William Etra (March 27, 1947 – August 26, 2016) was a live video pioneer and the co-inventor (with Steve Rutt) of the Rutt/Etra Video Synthesizer.

Etra was born in Manhattan and raised in Lawrence, Nassau County, New York.

Etra worked briefly as a professional cameraman, then studied film at New York University. He began teaching experimental television at NYU before he graduated.

In 1971, Etra and video artists Steina and Woody Vasulka started a performance space at The Kitchen.

Using the Rutt-Etra synthesizer, Etra made Narcissikon with his wife Louise.“This was my first Rutt-Etra piece. The initial picture is Louise sitting against a black background. She’s got an output monitor she can watch, and I put it in a circle wipe, feed it into the Rutt-Etra synthesizer, get a white line wipe, put Louise’s face into that, take it out of the Rutt-Etra, and outline it in the synthesizer, and Louise is on the intercom, and she’s talking to me and I’m talking to her, and we actually ran through it twice."

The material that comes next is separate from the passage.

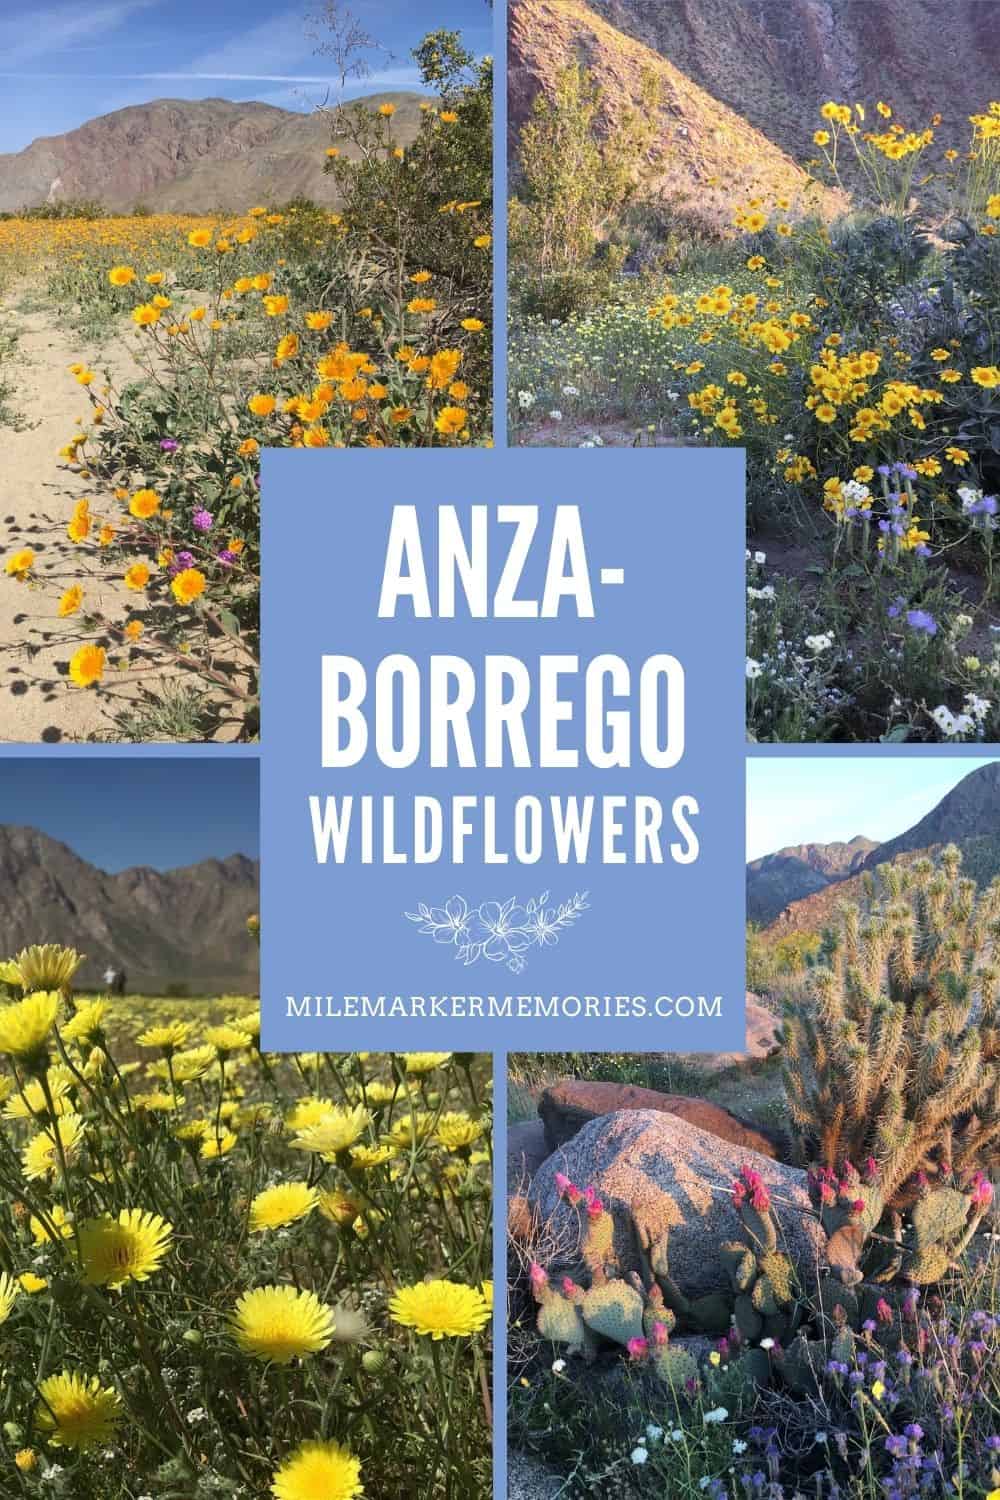 ANZA-BORREGO WILDFLOWERS

Another early piece was Heartbeat, in which Louise Etra sits in a chair in a studio, while a circle bounces on screen, blipping in time to her amplified heartbeat. Bill comes in and kisses her; the sound grows; the circle bounces larger. Then he goes back to the control room, she relaxes, and the circle returns to normal.

At WNET, Etra created a video based on an Edgar Allan Poe story, Silence, with David Silver narrating. “That scared me so much I stayed away from narrative for years and years,” Etra commented.

Etra attempted a symphonic work at the Strasenburgh Planetarium in Rochester, New York, when Central Maine Power Music Company played space music, to the accompaniment of the star maps of the planetarium, plus Etra’s video pictures of the musicians projected onto the stars.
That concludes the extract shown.